Unnamed: 0,label,SMS
0,ham,"Go until jurong point, crazy.. Available only ..."
1,ham,Ok lar... Joking wif u oni...
2,spam,Free entry in 2 a wkly comp to win FA Cup fina...
3,ham,U dun say so early hor... U c already then say...
4,ham,"Nah I don't think he goes to usf, he lives aro..."


In [4]:
df_sms.shape

(5572, 2)

There are 5572 entries. 

In [5]:
df_sms.info()

<class 'pandas.core.frame.DataFrame'>
RangeIndex: 5572 entries, 0 to 5571
Data columns (total 2 columns):
label    5572 non-null object
SMS      5572 non-null object
dtypes: object(2)
memory usage: 87.1+ KB


In [6]:
df_sms.isnull().sum()

label    0
SMS      0
dtype: int64

there are no null values, so this dataset is already cleaned 

In [7]:
df_sms['label'].value_counts(normalize=True)

ham     0.865937
spam    0.134063
Name: label, dtype: float64

The distribution of non-spam(ham) and spam is biased. About 87 % of entries are ham and 13 % is spam messages. 

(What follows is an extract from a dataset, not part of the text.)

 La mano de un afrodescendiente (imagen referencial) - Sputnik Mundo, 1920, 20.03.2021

## Creating a training and test data set ##

We will keep 80 % of this dataset as a training data set and 20 % of it as a test data set. The test data set will be used to test accuracy of our spam filter. 

In [8]:
# randomize our dataset 
df_random = df_sms.sample(frac=1,random_state=1)

In [9]:
df_random.shape[0]*0.8

4457.6

In [10]:
# around 4457 rows are about 80% of the data set. 
training_df = df_random.iloc[:4458,:]
test_df = df_random.iloc[4458:,:]

In [11]:
# reset indices since they are meaningless
training_df.reset_index(inplace=True,drop=True)
test_df.reset_index(inplace=True,drop=True)

In [12]:
training_df['label'].value_counts(normalize=True)

ham     0.86541
spam    0.13459
Name: label, dtype: float64

In [13]:
test_df['label'].value_counts(normalize=True)

ham     0.868043
spam    0.131957
Name: label, dtype: float64

Good. The distributions of both of these data sets are close to our population's distribution. 

## Data Transformation 

We start to manipulate the training data set to make calculations easire. 

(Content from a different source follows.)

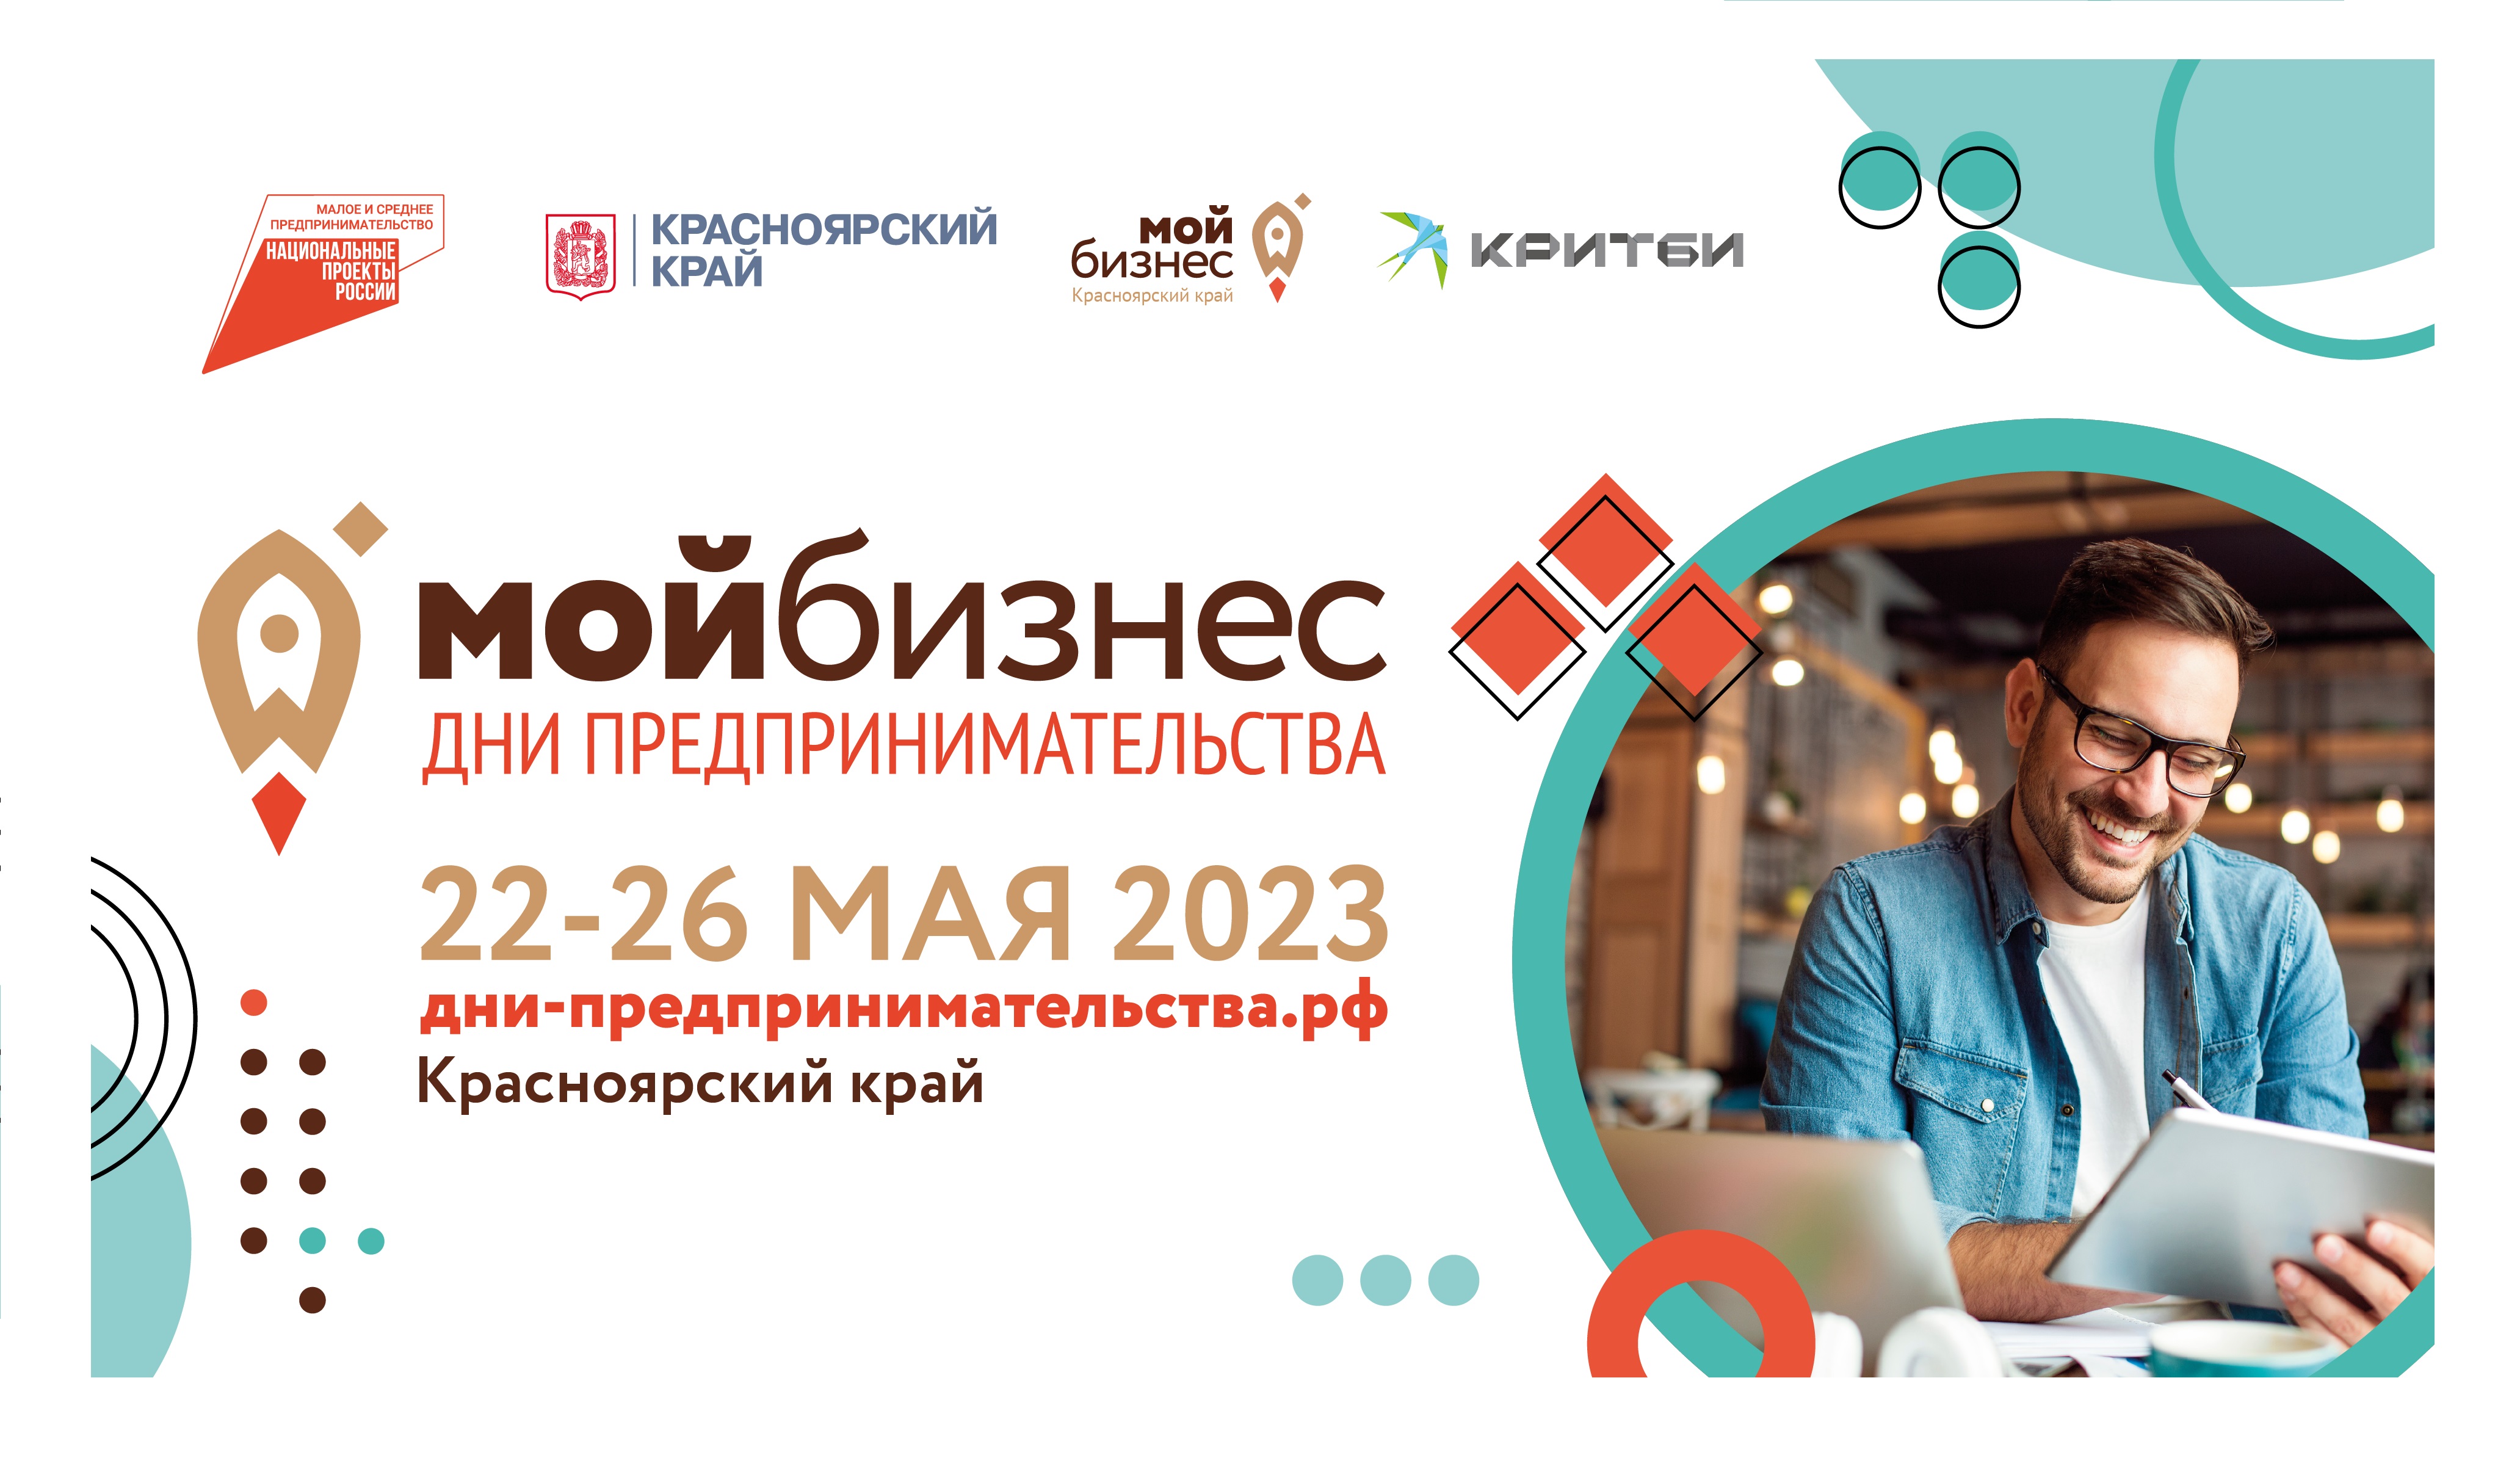 Предпринимателей края приглашают на бизнес-форум 22-26 мая

Let's begin with getting rid of non-word chracters from SMS column. They are like puctuations, exclamation mark, and so on. 

In [14]:
#getting rid of non-word characters
training_df['SMS'] =  training_df['SMS'].str.replace('\W'," ")

A value is trying to be set on a copy of a slice from a DataFrame.
Try using .loc[row_indexer,col_indexer] = value instead

See the caveats in the documentation: http://pandas.pydata.org/pandas-docs/stable/indexing.html#indexing-view-versus-copy
  from ipykernel import kernelapp as app


In [15]:
# lower all strings 
training_df['SMS'] = training_df['SMS'].str.lower()

A value is trying to be set on a copy of a slice from a DataFrame.
Try using .loc[row_indexer,col_indexer] = value instead

See the caveats in the documentation: http://pandas.pydata.org/pandas-docs/stable/indexing.html#indexing-view-versus-copy
  from ipykernel import kernelapp as app


In [16]:
training_df.head()

Unnamed: 0,label,SMS
0,ham,yep by the pretty sculpture
1,ham,yes princess are you going to make me moan
2,ham,welp apparently he retired
3,ham,havent
4,ham,i forgot 2 ask ü all smth there s a card on ...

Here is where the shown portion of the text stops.